15 Jan 2019 06:00:501101 Dibaca
No Photo
Ilustrasi : Beratnya utang

Hutang sepertinya sudah menjadi sebuah kewajaran. Bahkan trennya saat ini ada kebanggaan kalau bisa mendapat hutangan. Padahal sejatinya hutang sedapat mungkin dihindari,  kecuali memang untuk keperluan yang sangat mendesak dan tidak ada alternatif lain, kecuali berhutang. termasuk pemerintah. Namun saat ini justru pemerintah mengutamakan hutang, entah untuk pembangunan infrastruktur, dana desa dan sebagainya, juga termasuk keperluan pemerintah daerah, pun tidak terlepas dari hutang. 

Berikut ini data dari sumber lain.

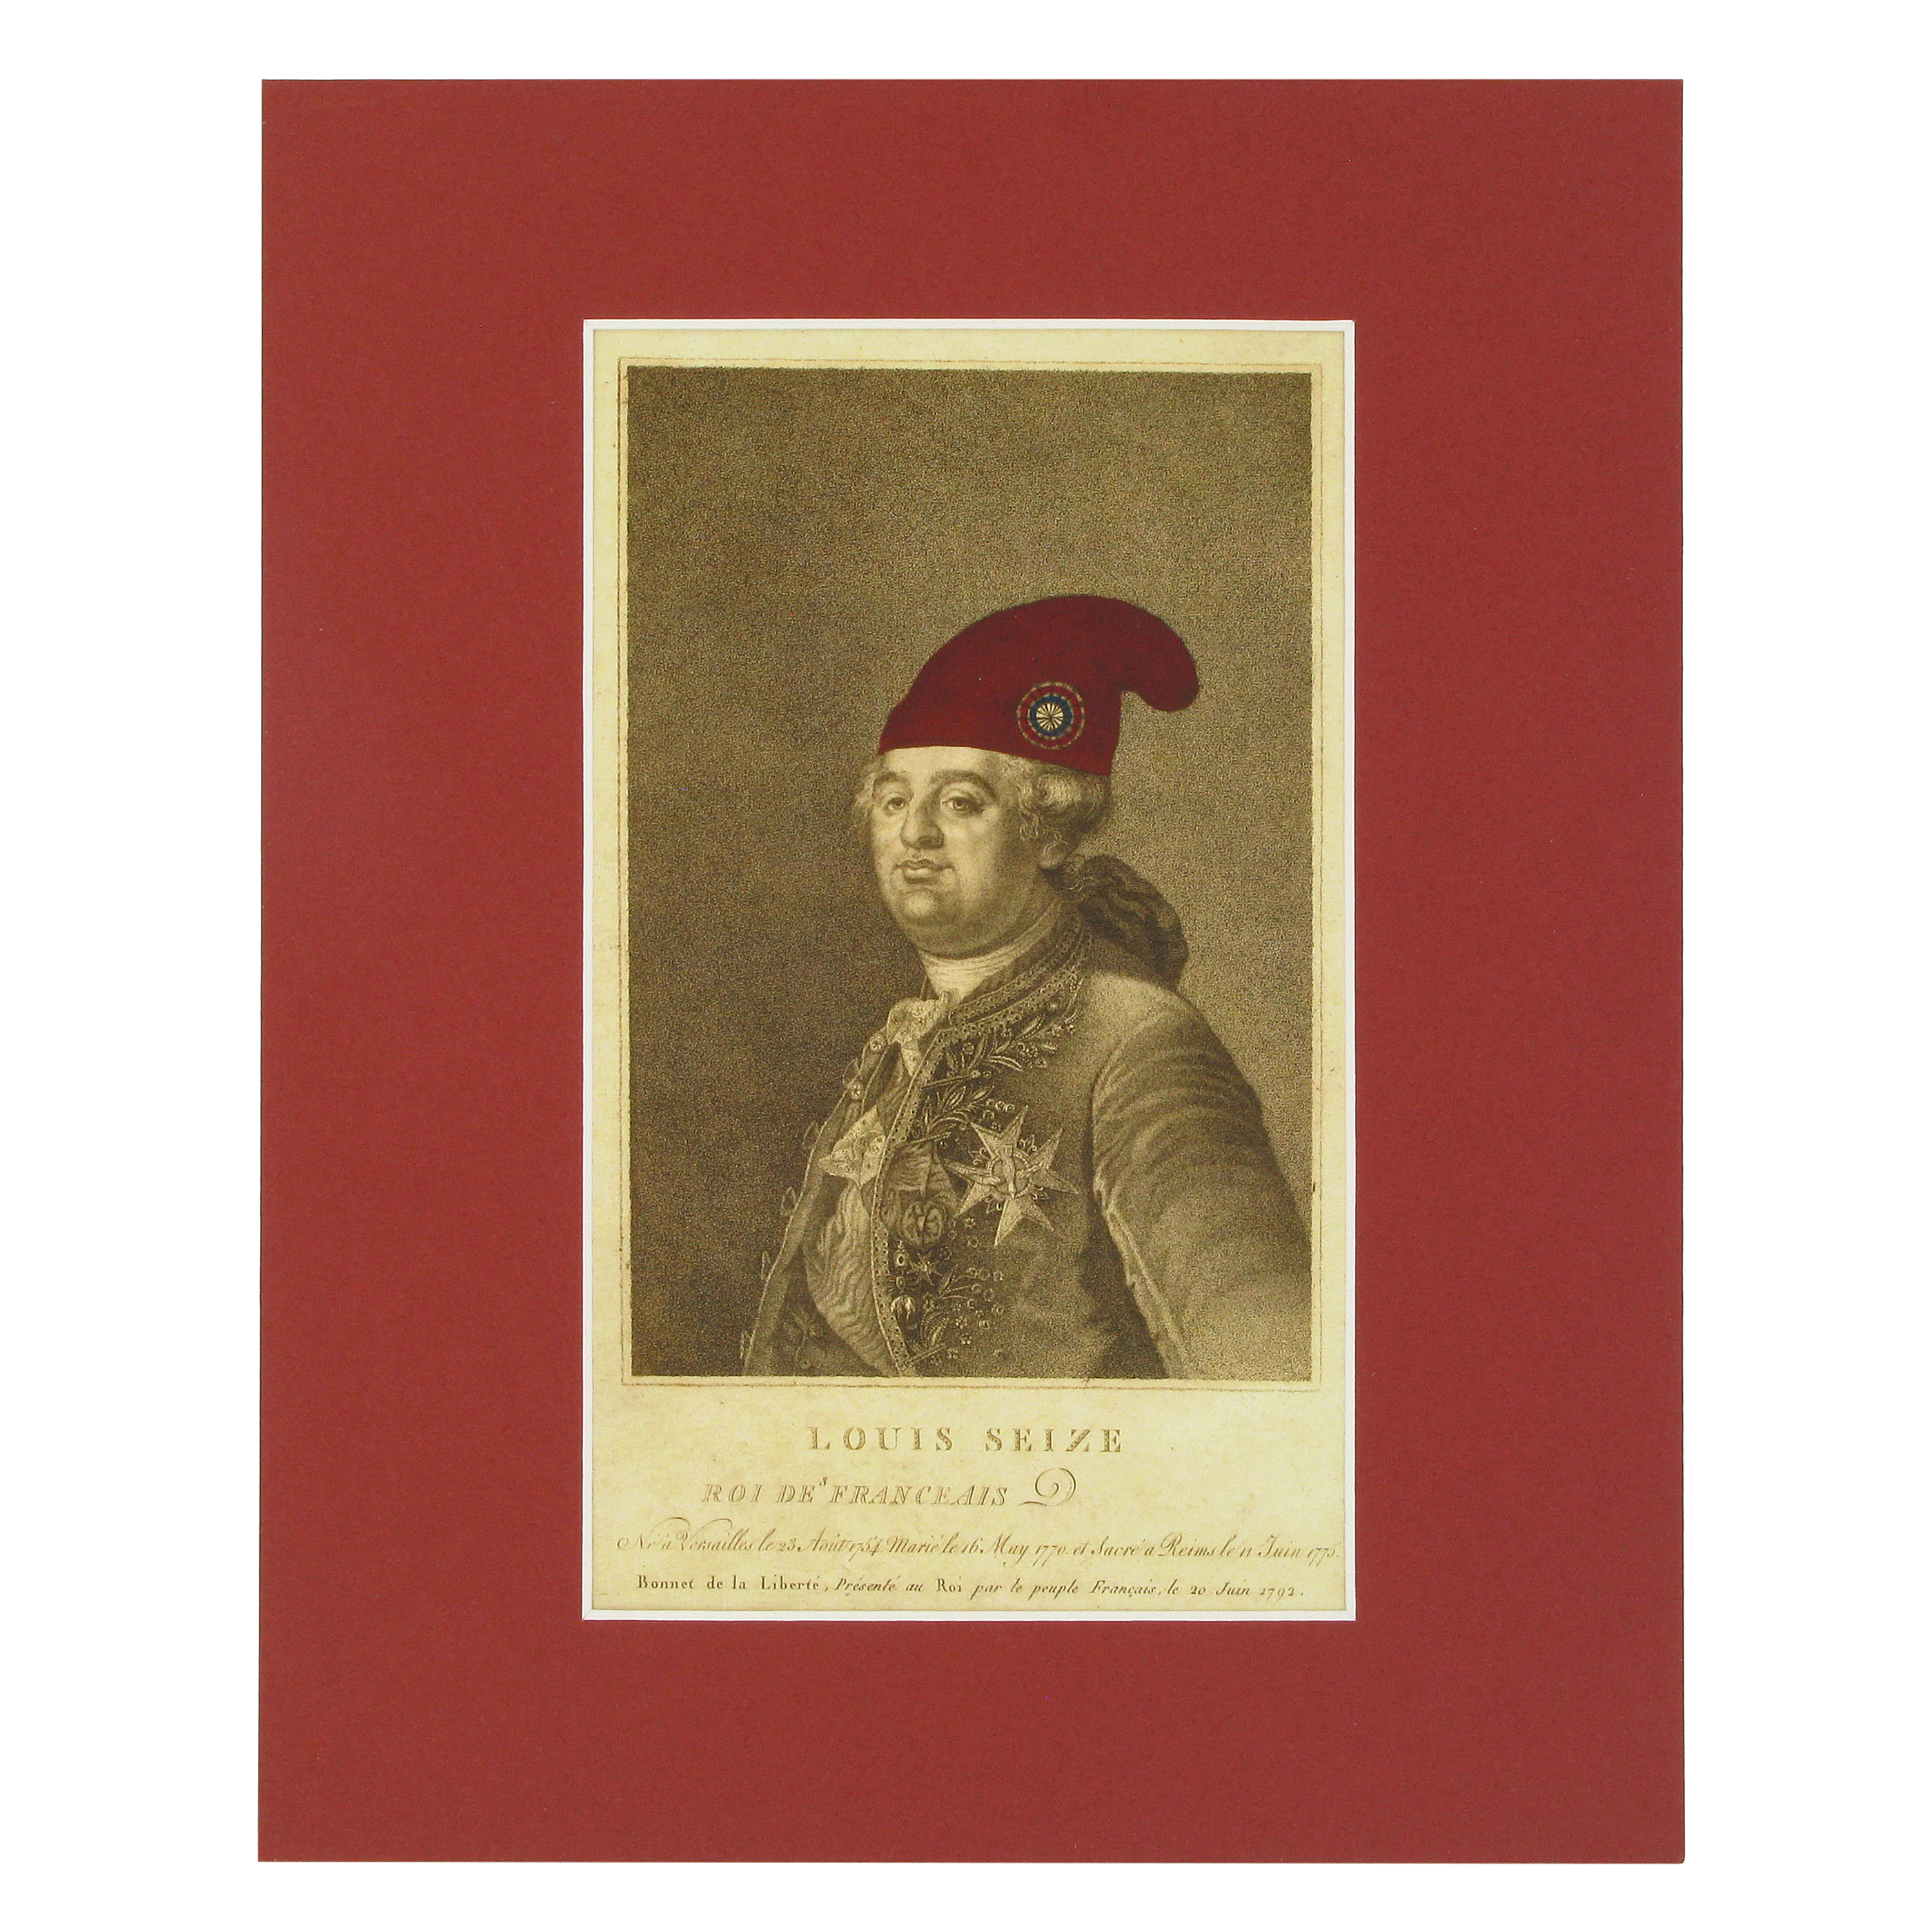 Louis Seize, Roi des Franceais print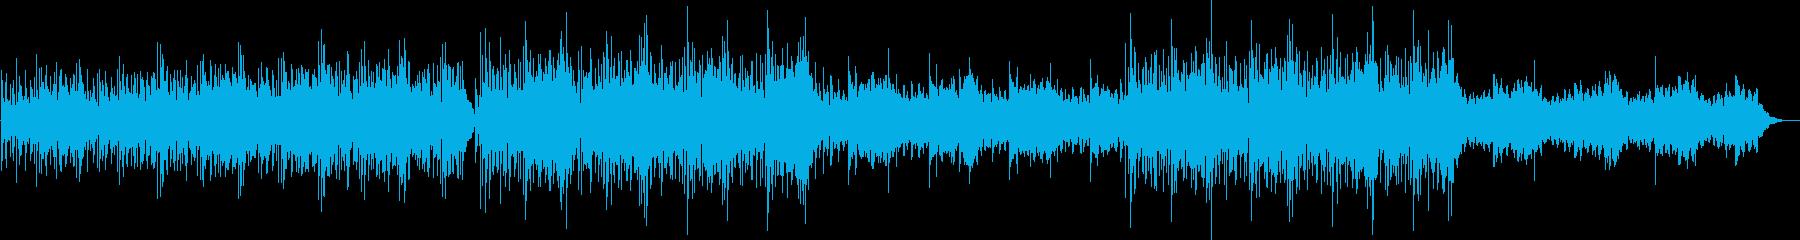 ふんわりしたきれいな曲の再生済みの波形

Seperti yang diberitakan (prokal.sangatta.com) proses peminjaman anggaran dari Bank Jateng, sudah memasuki tahapan pencairan. Rencananya dana tersebut cair Januari 2019. Bupati Kutim Ismunandar menuturkan, dana pinjaman tersebut seharusnya sudah masuk pada akhir 2018. Namun, terdapat kendala yang menyebabkan pencairan tersebut harus tertunda.  Saat ini, kami tinggal menunggu proses pencairan,”ujarnya saat diwawancarai di kantor bupati belum lama ini. Mekanisme pencairan harus melalui Bank Pembangunan Daerah (BPD). Sebab pinjaman dari Bank tersebut tidak bisa langsung cair begitu saja. Memerlukan prosedur panjang dengan daerah.”Semuanya sudah selesai tinggal berkas-berkasnya saja,” tandasnya. 

Sebelumnya, menurut Ismunandar, pinjaman dana segar rencananya untuk membayar utang dengan pihak ketiga. Ternyata tidak boleh. Sehingga mau tidak mau, pinjaman dibayar untuk program kerja yang sudah tertulis dalam surat persetujuan dari Kemendagri dan Kemenkeu RI. Jumlah pinjaman yang diambil juga sudah tertulis di batang tubuh APBD-P 2018 dan nanti juga dimasukkan di APBD 2019. Ditemui terpisah, Sekretaris Kabupaten (Sekkab) Kutim Irawansyah menjelaskan, tujuan penggunaan dana pinjaman sebesar Rp 273 miliar tersebut, rencananya digunakan untuk menutupi segala pembayaran yang kurang. Seperti infrastruktur, penyelesaian pembangunan yang sedang berjalan, juga kebutuhan prioritas lainnya.Uangnya akan masuk ke kas daerah pada januari 2019 nanti.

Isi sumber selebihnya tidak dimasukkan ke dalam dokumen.